- Supplied material
▬▬▬

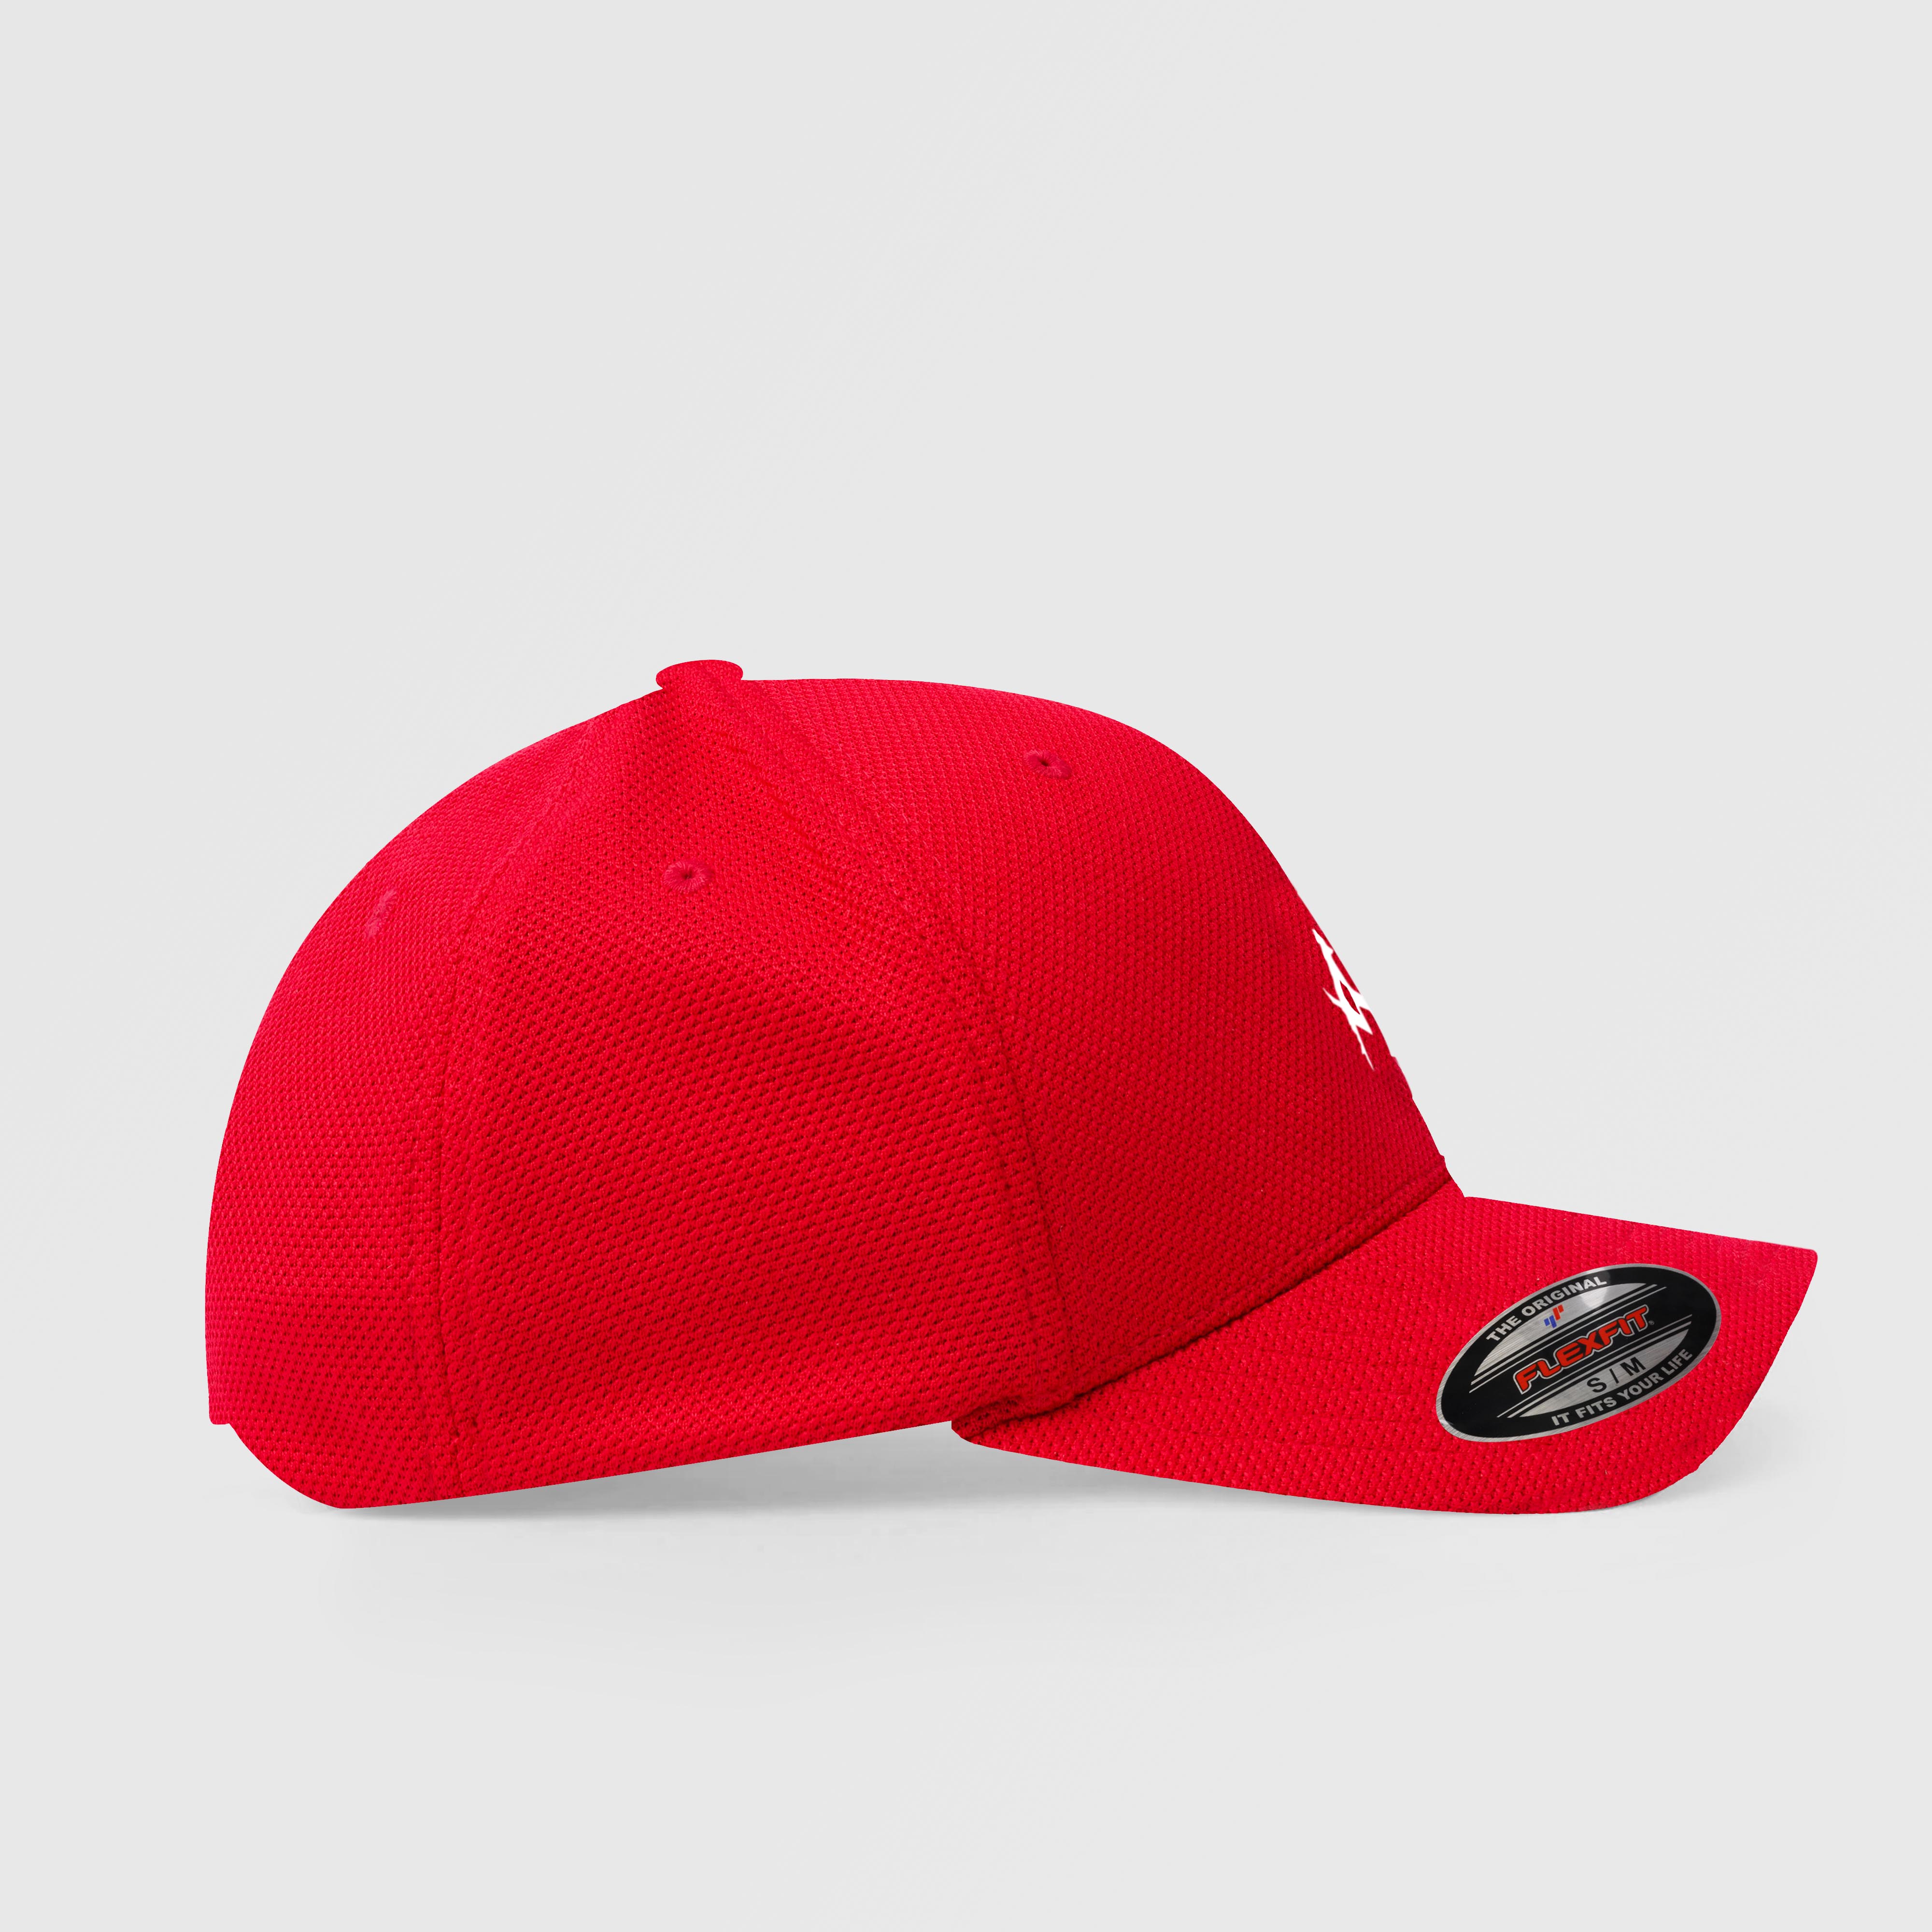 Pro Profile GA Cap (Red)
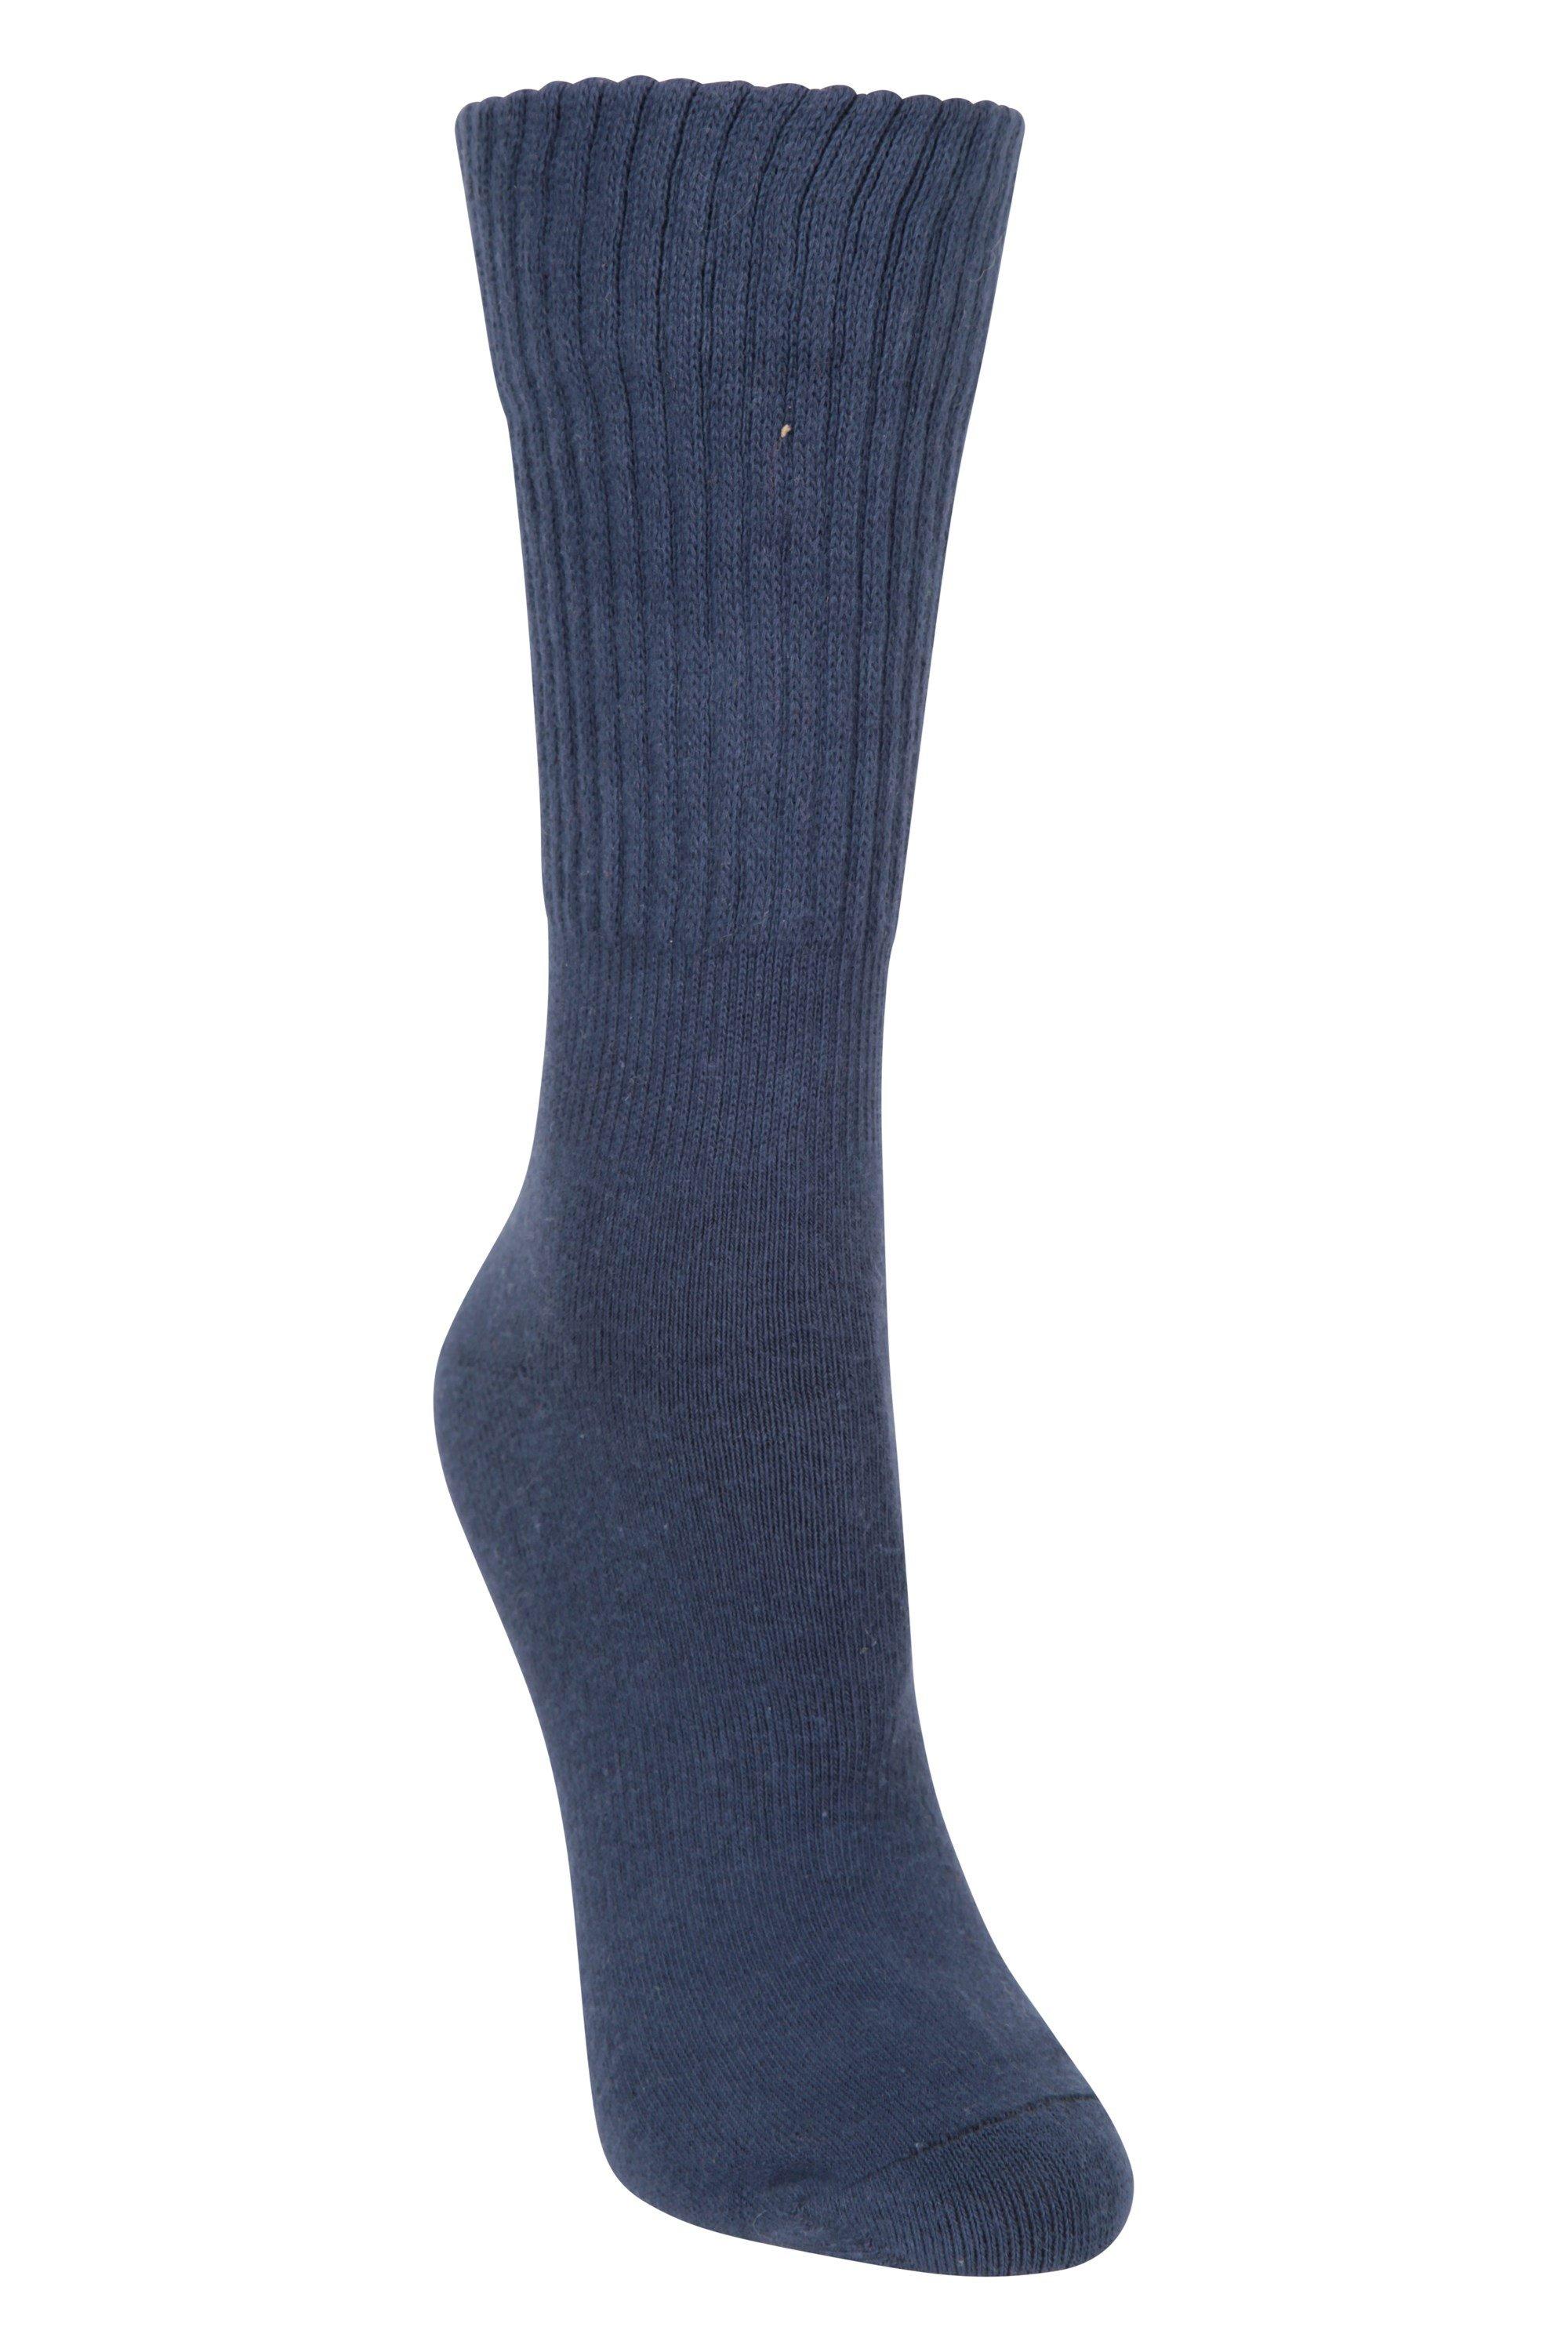 Socks Double Layer  Lightweight Walking Sock
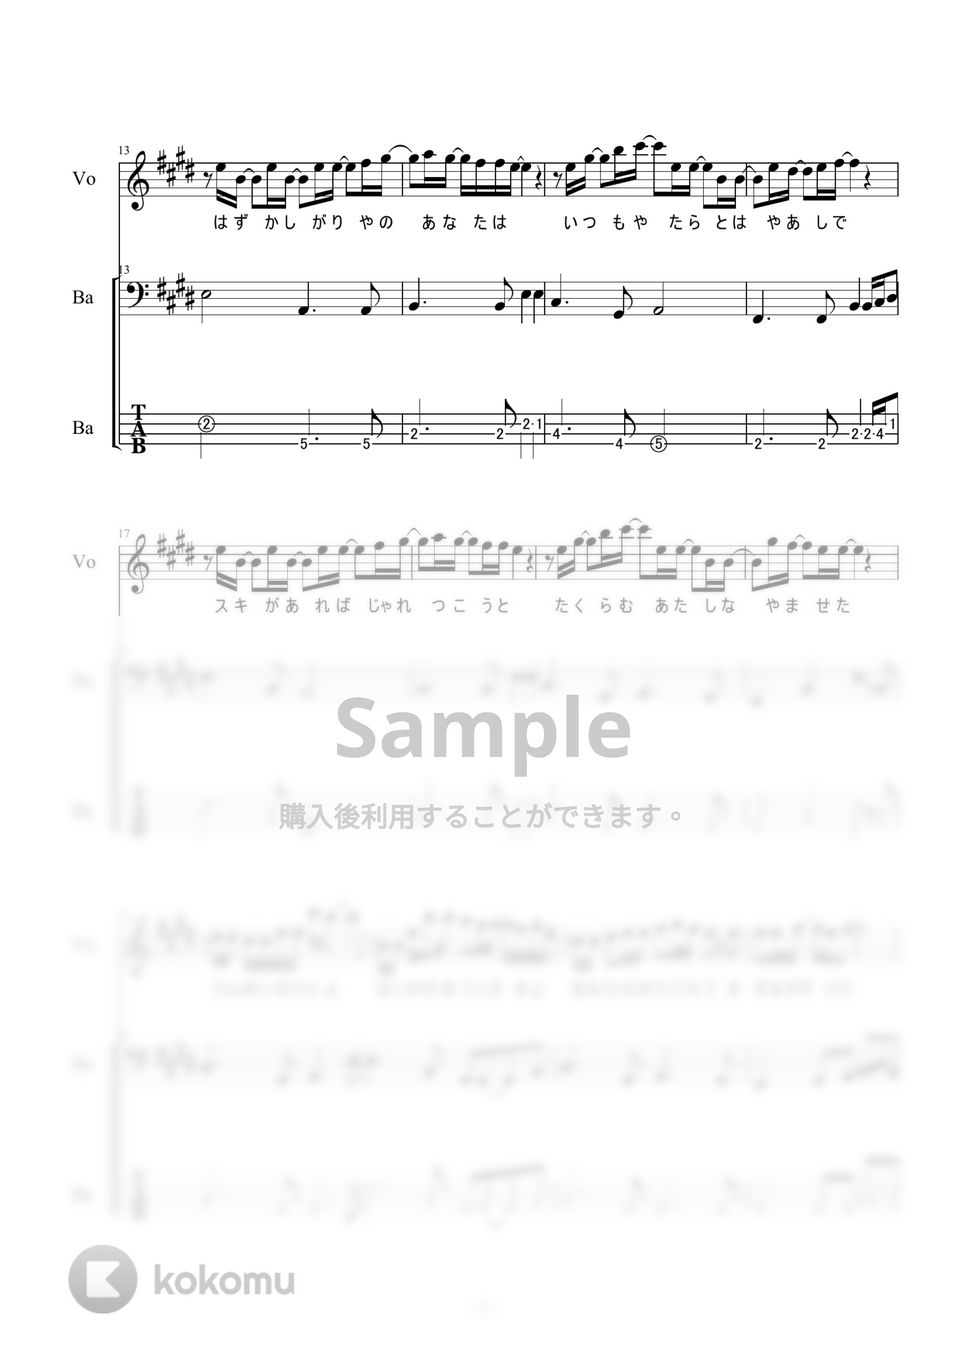 いきものがかり - コイスルオトメ (ベース) by 二次元楽譜製作所

▬▬▬

- About this task
Every line above should be copied exactly, apart from any pictures.

- Answer section
 Pro Profile GA Cap (Red)
 Socks Double Layer  Lightweight Walking Sock
 いきものがかり - コイスルオトメ (ベース) by 二次元楽譜製作所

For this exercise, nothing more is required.